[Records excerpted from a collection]

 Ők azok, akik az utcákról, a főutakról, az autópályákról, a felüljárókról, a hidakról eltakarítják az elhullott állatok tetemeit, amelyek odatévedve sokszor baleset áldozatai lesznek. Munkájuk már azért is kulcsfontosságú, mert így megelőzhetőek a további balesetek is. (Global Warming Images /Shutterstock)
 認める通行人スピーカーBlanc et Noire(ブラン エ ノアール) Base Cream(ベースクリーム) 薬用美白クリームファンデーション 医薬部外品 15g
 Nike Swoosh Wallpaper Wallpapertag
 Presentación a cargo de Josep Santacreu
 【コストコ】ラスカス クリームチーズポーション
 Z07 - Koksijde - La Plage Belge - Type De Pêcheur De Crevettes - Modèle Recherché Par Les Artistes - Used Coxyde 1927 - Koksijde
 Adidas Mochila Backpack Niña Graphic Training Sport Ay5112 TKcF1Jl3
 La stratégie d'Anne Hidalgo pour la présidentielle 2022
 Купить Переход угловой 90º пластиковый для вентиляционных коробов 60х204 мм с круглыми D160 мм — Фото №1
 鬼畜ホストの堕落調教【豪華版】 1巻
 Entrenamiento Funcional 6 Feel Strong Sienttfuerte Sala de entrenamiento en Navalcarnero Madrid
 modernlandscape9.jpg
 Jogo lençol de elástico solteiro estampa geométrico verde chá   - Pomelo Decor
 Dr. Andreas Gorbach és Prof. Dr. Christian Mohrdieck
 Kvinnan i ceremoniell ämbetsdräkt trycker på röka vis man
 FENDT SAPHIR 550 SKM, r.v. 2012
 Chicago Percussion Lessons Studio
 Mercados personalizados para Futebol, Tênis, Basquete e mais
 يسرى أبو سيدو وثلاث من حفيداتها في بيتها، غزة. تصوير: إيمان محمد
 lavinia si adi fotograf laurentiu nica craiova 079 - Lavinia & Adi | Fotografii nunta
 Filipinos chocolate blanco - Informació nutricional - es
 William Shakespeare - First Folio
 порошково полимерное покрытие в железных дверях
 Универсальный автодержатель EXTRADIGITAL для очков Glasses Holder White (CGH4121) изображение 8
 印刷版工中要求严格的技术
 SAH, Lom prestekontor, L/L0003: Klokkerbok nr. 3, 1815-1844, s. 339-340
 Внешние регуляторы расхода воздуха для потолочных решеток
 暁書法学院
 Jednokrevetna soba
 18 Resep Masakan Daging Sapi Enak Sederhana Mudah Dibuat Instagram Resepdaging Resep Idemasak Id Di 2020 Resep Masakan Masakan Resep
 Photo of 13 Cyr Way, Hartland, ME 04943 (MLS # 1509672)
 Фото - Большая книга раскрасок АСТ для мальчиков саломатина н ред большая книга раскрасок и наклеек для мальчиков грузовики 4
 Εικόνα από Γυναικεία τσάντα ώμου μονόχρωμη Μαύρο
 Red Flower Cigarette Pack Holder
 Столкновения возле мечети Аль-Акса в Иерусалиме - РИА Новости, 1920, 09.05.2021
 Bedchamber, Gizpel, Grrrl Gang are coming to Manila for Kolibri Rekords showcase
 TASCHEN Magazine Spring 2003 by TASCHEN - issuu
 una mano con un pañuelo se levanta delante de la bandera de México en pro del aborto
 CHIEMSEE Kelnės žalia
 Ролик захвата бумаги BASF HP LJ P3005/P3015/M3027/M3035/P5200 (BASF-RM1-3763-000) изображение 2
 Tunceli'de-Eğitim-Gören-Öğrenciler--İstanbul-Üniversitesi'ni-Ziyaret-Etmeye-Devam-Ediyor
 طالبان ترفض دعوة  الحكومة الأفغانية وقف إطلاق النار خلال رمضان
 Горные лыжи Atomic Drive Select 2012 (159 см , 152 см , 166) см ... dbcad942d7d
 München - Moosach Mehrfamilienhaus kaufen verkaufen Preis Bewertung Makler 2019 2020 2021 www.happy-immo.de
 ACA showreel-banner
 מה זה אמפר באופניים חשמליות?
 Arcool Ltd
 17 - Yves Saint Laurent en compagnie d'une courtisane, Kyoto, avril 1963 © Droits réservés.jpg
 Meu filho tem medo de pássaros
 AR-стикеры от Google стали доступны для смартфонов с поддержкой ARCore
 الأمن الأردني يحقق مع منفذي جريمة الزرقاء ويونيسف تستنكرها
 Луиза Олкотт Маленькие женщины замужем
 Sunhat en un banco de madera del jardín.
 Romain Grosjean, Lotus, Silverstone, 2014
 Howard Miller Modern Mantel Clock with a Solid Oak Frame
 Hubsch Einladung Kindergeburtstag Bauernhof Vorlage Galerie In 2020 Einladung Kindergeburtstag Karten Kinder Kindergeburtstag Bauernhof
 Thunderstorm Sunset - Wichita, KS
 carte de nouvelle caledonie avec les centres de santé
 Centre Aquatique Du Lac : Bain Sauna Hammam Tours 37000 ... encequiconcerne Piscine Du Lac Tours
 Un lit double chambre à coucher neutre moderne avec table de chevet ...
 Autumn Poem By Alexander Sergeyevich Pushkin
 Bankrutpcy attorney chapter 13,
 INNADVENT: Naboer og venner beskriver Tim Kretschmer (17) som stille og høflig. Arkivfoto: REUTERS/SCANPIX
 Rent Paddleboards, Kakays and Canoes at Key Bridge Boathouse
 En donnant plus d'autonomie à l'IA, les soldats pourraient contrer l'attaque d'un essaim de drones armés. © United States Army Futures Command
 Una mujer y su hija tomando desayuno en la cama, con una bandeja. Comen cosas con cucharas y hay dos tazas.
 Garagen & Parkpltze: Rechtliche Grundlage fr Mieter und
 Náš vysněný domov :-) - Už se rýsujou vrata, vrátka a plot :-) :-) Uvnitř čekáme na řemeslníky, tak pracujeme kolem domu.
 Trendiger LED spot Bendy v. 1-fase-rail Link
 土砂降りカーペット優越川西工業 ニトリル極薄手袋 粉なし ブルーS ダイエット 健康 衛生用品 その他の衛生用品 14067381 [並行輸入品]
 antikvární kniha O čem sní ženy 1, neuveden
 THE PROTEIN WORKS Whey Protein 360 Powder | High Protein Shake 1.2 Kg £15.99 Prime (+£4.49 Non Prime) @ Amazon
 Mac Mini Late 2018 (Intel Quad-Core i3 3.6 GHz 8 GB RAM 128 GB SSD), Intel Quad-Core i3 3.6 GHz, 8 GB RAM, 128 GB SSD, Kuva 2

### Your assignment
Retype only this portion of the data above: the line containing "Bankrutpcy attorney chapter", the line containing "THE PROTEIN WORKS", and all lines between them, exactly.

### Output below
 Bankrutpcy attorney chapter 13,
 INNADVENT: Naboer og venner beskriver Tim Kretschmer (17) som stille og høflig. Arkivfoto: REUTERS/SCANPIX
 Rent Paddleboards, Kakays and Canoes at Key Bridge Boathouse
 En donnant plus d'autonomie à l'IA, les soldats pourraient contrer l'attaque d'un essaim de drones armés. © United States Army Futures Command
 Una mujer y su hija tomando desayuno en la cama, con una bandeja. Comen cosas con cucharas y hay dos tazas.
 Garagen & Parkpltze: Rechtliche Grundlage fr Mieter und
 Náš vysněný domov :-) - Už se rýsujou vrata, vrátka a plot :-) :-) Uvnitř čekáme na řemeslníky, tak pracujeme kolem domu.
 Trendiger LED spot Bendy v. 1-fase-rail Link
 土砂降りカーペット優越川西工業 ニトリル極薄手袋 粉なし ブルーS ダイエット 健康 衛生用品 その他の衛生用品 14067381 [並行輸入品]
 antikvární kniha O čem sní ženy 1, neuveden
 THE PROTEIN WORKS Whey Protein 360 Powder | High Protein Shake 1.2 Kg £15.99 Prime (+£4.49 Non Prime) @ Amazon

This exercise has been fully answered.